Using meat with a higher fat content will give you a more flavorful burger but they will also shrink a little more while cooking. An 80/20 mix is ideal, 80 percent meat to 20 percent fat. If you are grilling lean meat like wild game, ground chicken, or turkey you will need to add in some olive oil or my personal favorite bacon grease to the mix.
Adding in flavor. You can change the taste of your burger by mixing in almost anything. Some suggestions are:
- Fresh or dried herbs and spices.
- Fresh, dehydrated, or jarred garlic or onions.
- Seasoning packets for making soups, salads, or dips also work well for adding great flavor. Onion soup mix or dry ranch dressing packets are one of my favorite additions.

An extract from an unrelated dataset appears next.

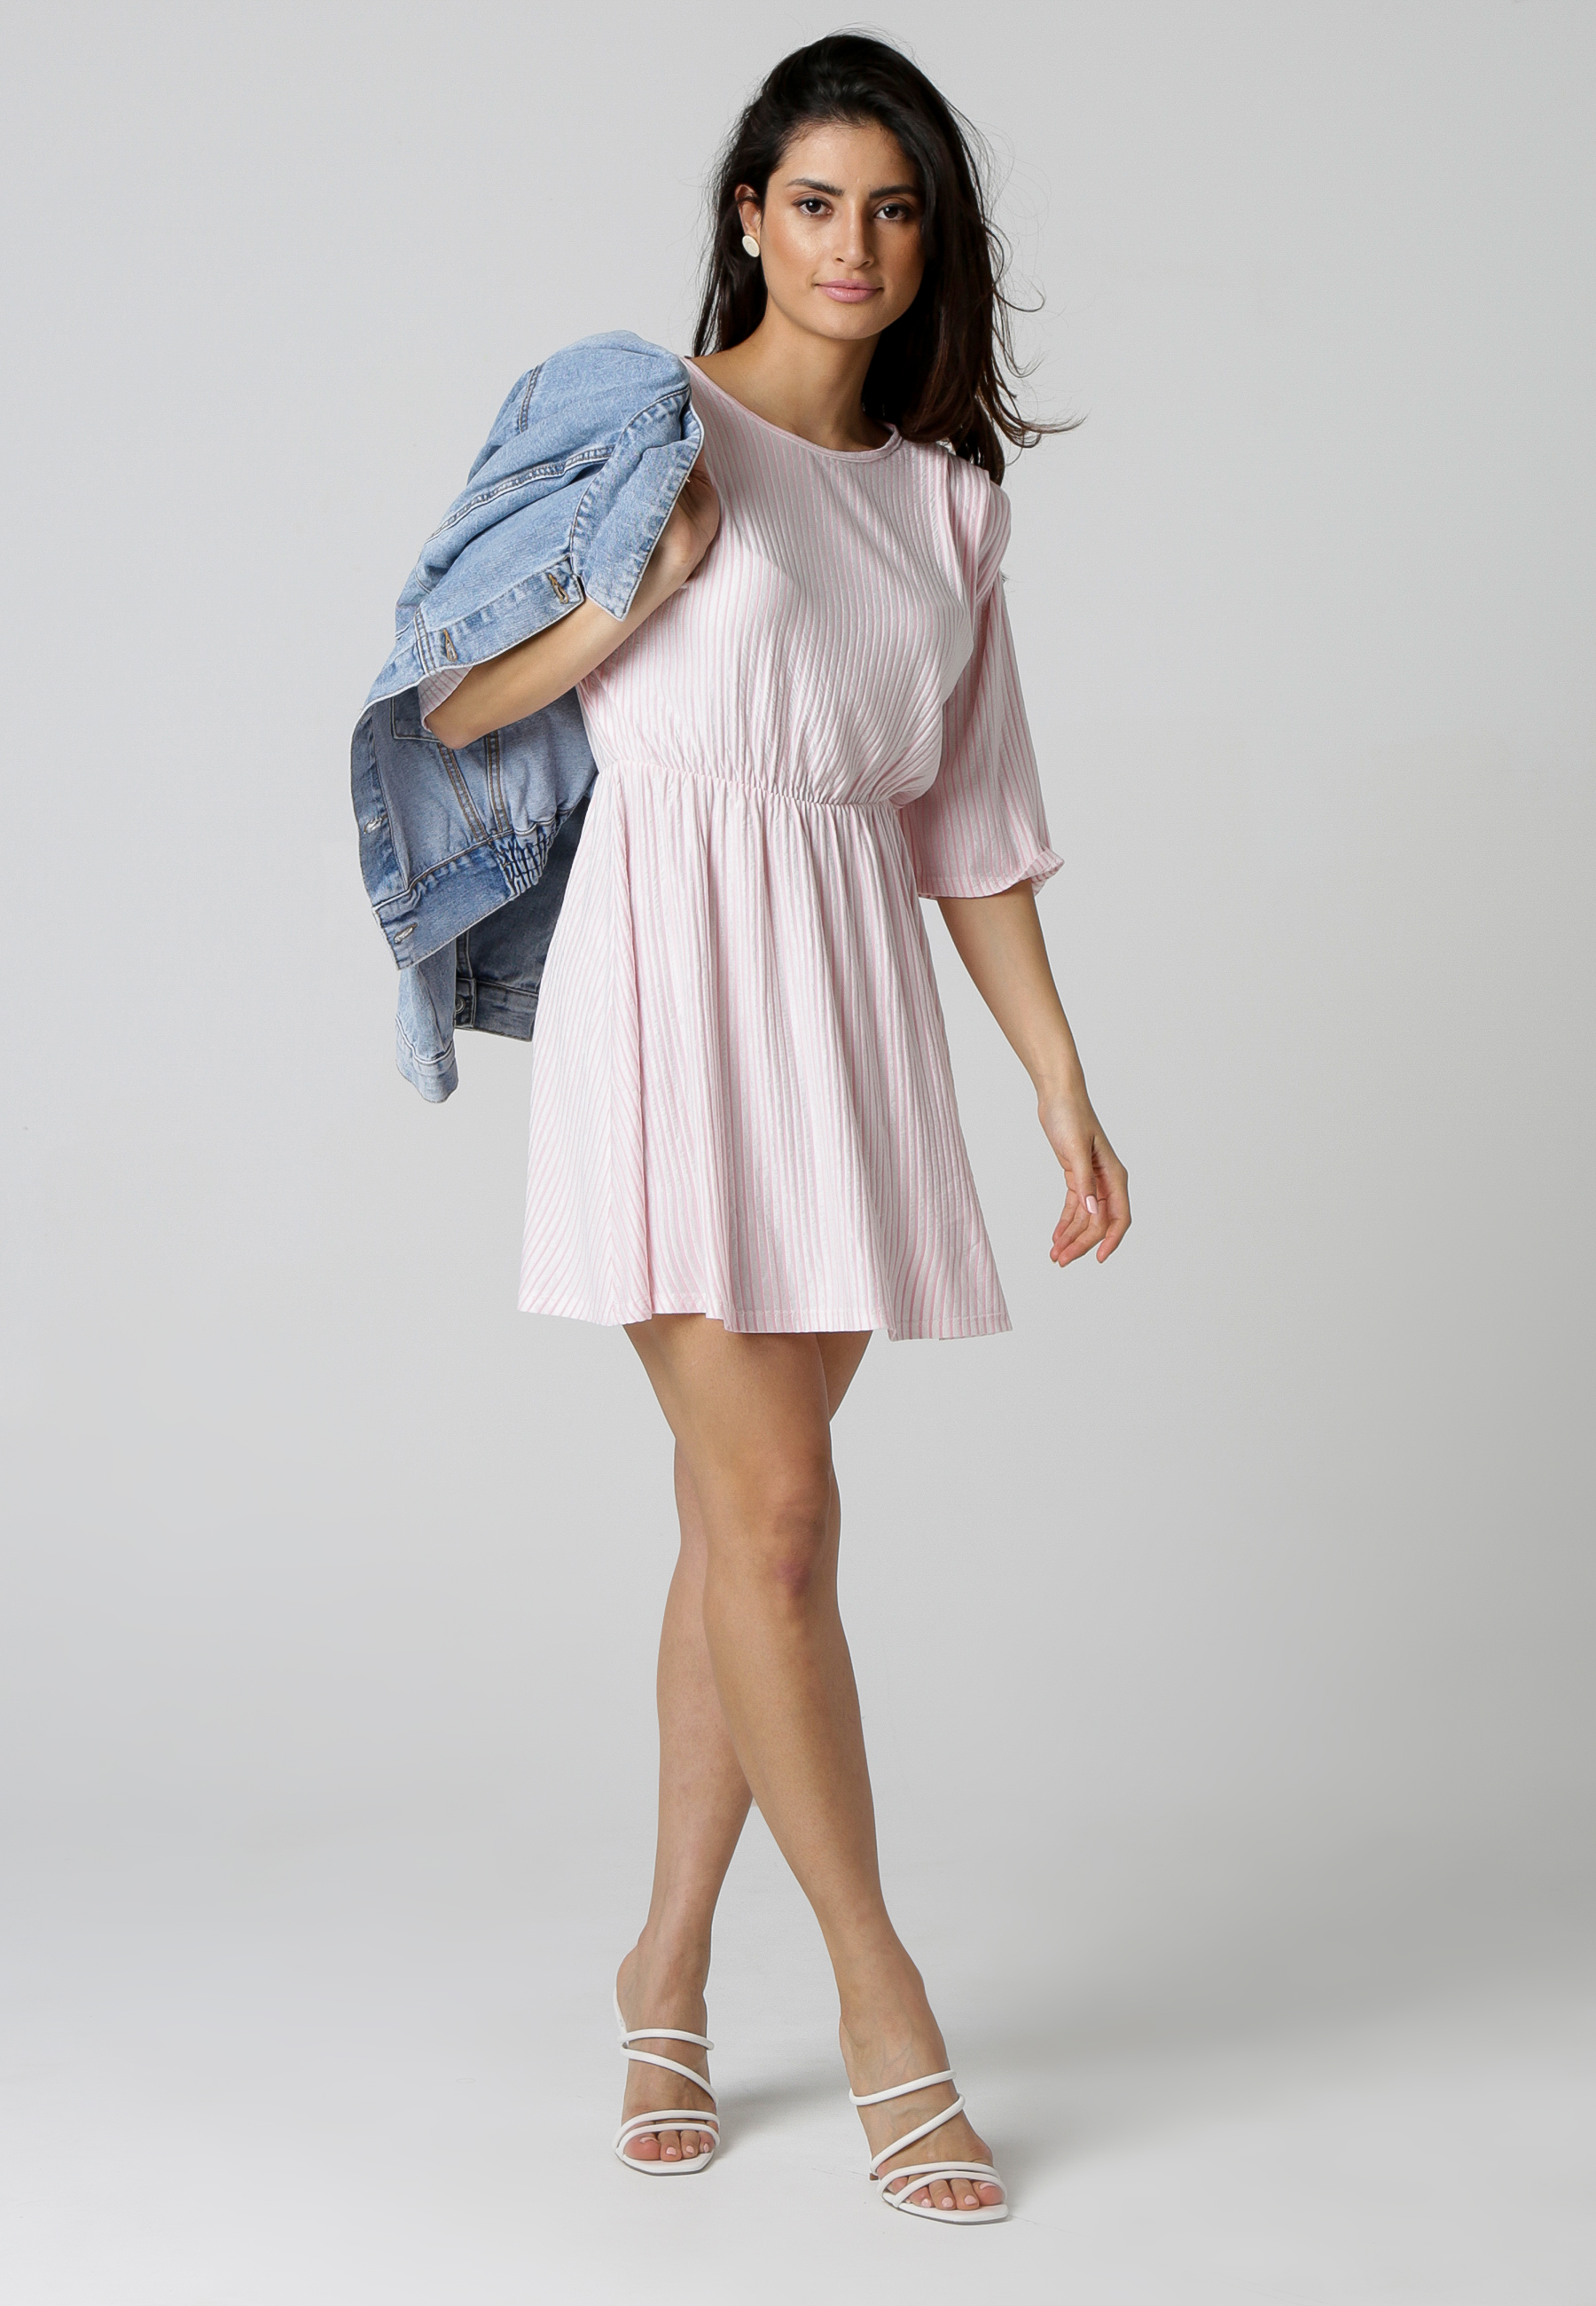 MiaZAYA Kleid Streifen

- Many sauces can also be mixed in with the meat, make your own or use prepared. You can add any BBQ sauce, Steak sauce, Soy sauce, Worcestershire sauce, Marinara sauce, Hot sauce, Salad dressing, etc.
- Other add-in ideas include, crumbled bacon, ham, pepperoni or salami, chopped mushrooms, chopped bell or jalapeno peppers, sliced olives, diced tomatoes, egg, bread crumbs, cream cheese, sour cream, yogurt, or salsa. I’ve even heard of people adding in peanut butter so pretty much anything you can think of.
You can mix shredded cheese directly in the meat mix or stuff just the middle of the burger with it. Or add it on top when the burgers are almost done cooking.
The only thing you don’t want to add to your mix is the salt. Salt will remove the moisture from the raw meat and they will dry out while cooking, so doesn’t add the salt until the meat is on the grill.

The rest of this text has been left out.